Back during the first week of April, when all of the Time Warner drama hit, I promptly signed up for Frontier DSL here in Rochester. I will not have an ISP in this house with usage caps, period. Not now. Not ever. I realized I was hedging my bets, because if we were successful, Time Warner would back down and I’d effectively have two ISPs here (Frontier has term contracts). Since I work from home, I figured it was a good idea to have a backup provider in case of an Internet outage, and I have always kept my Frontier phone service (I refuse to pay Time Warner for an overpriced VOIP “digital phone” service that is only a little less expensive than what Frontier charges for a real phone line). Adding DSL onto a Frontier residential line isn’t actually that much more expensive, so it was a good option.
But let me tell you, even when you do Frontier right, they manage to screw it up and do you wrong. As devoted readers will have noted, I’ve been waiting, and waiting, and waiting for the self-install kit to arrive. It was supposed to ship days after placing the order. Earlier this week, I followed up with Frontier again and got two different answers:
- We forgot to ship it.
- It got lost.
The representative promised to overnight a replacement on Tuesday. Wednesday came and went, and now Thursday came and went. Apparently the definition of “overnight” with Frontier bears no resemblence to my reality, or the rest of the planet Earth. Anyway, come to find out, they never shipped the replacement either!
One of our readers recommended using Twitter to contact Frontier. I’ve been messing with Twitter mostly since I got this site re-fired-up after Time Warner stepped in it, and I honestly have a lukewarm-hate relationship with the thing. I’m not as bad as Maureen Dowd, NY Times columnist, who wrote she “would rather be tied up to stakes in the Kalahari Desert, have honey poured over me and red ants eat out my eyes than open a Twitter account.” I opened one and used it a few times. But I just don’t get it. Who the hell cares what I am thinking and doing from moment to moment. I don’t even care that much, and I’m me! As a group “pager” about new articles here, I suppose it might be useful, but I’ve discovered our Twitter addicts seem to already be doing a lot of that work for me. I love to delegate. I should get someone else here to take it over and handle it for me.
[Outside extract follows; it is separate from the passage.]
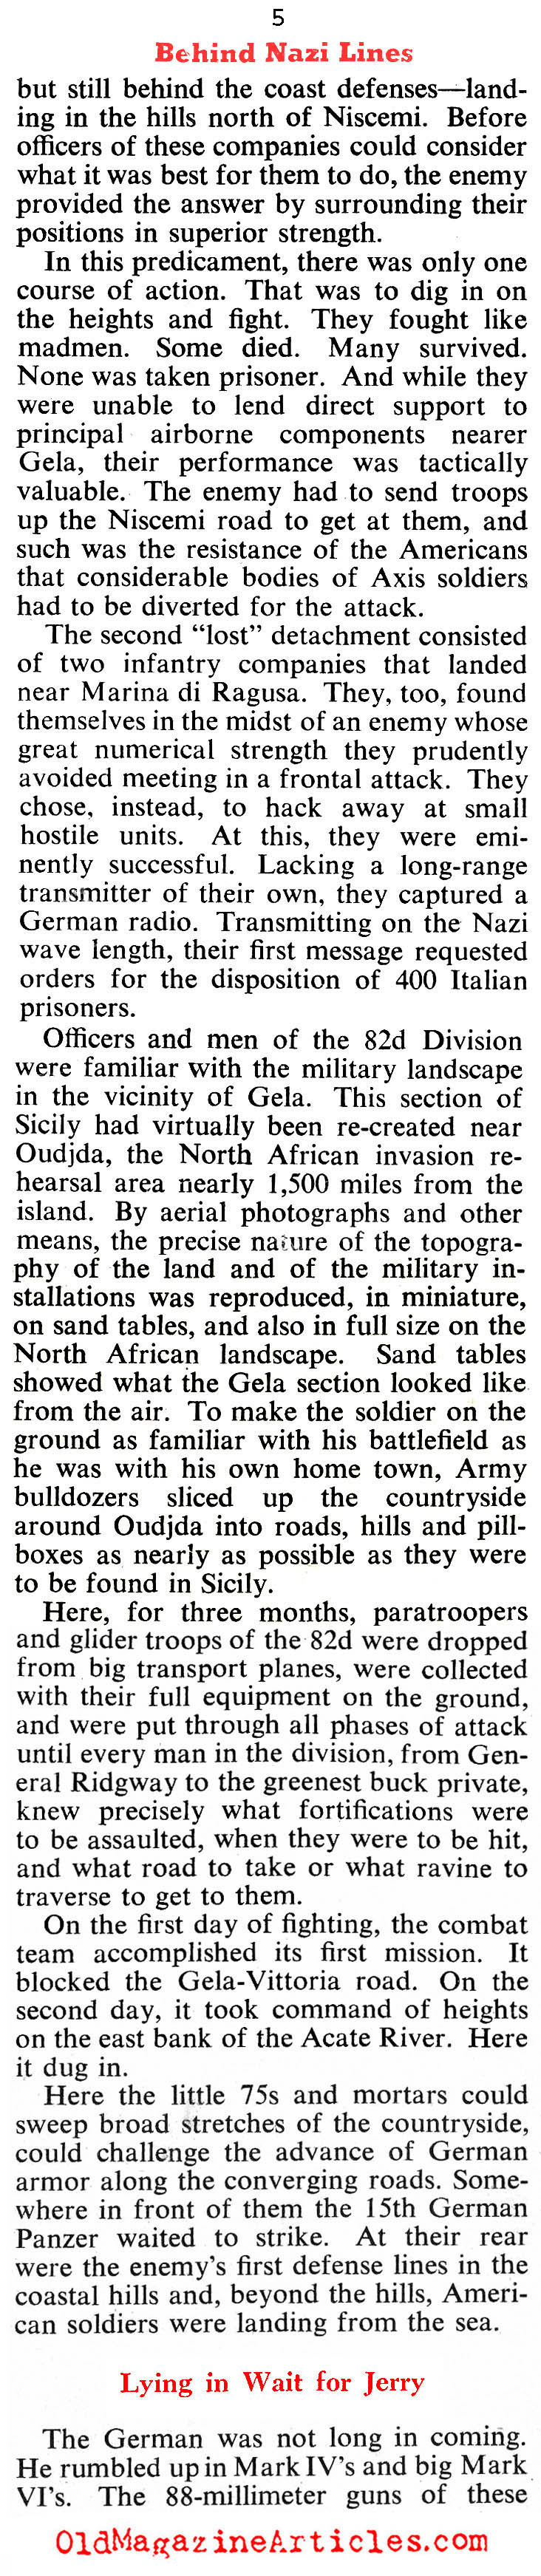 The 82nd Airborne in Sicily (Collier's Magazine, 1943)

Anyway, Twittering Frontier made a friendly contact with an employee, but by this time Frontier was already working my last nerve, because nobody would tell me, “can’t I just drive 10 minutes away and pick up the damn thing at the Frontier store?” So silly me, I waded around Frontier’s terrible website (Carmen Sandiego would get lost permanently on there) and finally found the Frontier Store number and called them. How 1980s of me. “Sure, we have tons of them here, just come on down.” Twitter, indeed.
Oooooh… it makes me so mad. I’ve been paying for a service I don’t have for three weeks, while those DSL modem things are just minutes away while I wait for some UPS guy to bring me one.
So they did it to me again.
I just don’t understand how a company gets run this way. I really don’t. But I have the gosh darn thing, and later tonight I will begin documenting my experiences with it for our readers who might want Frontier as an alternative. I’m already unhappy about the glorious waste of time I’ve had thus far, but perhaps I’ll be surprised with what will come next. We’ll see.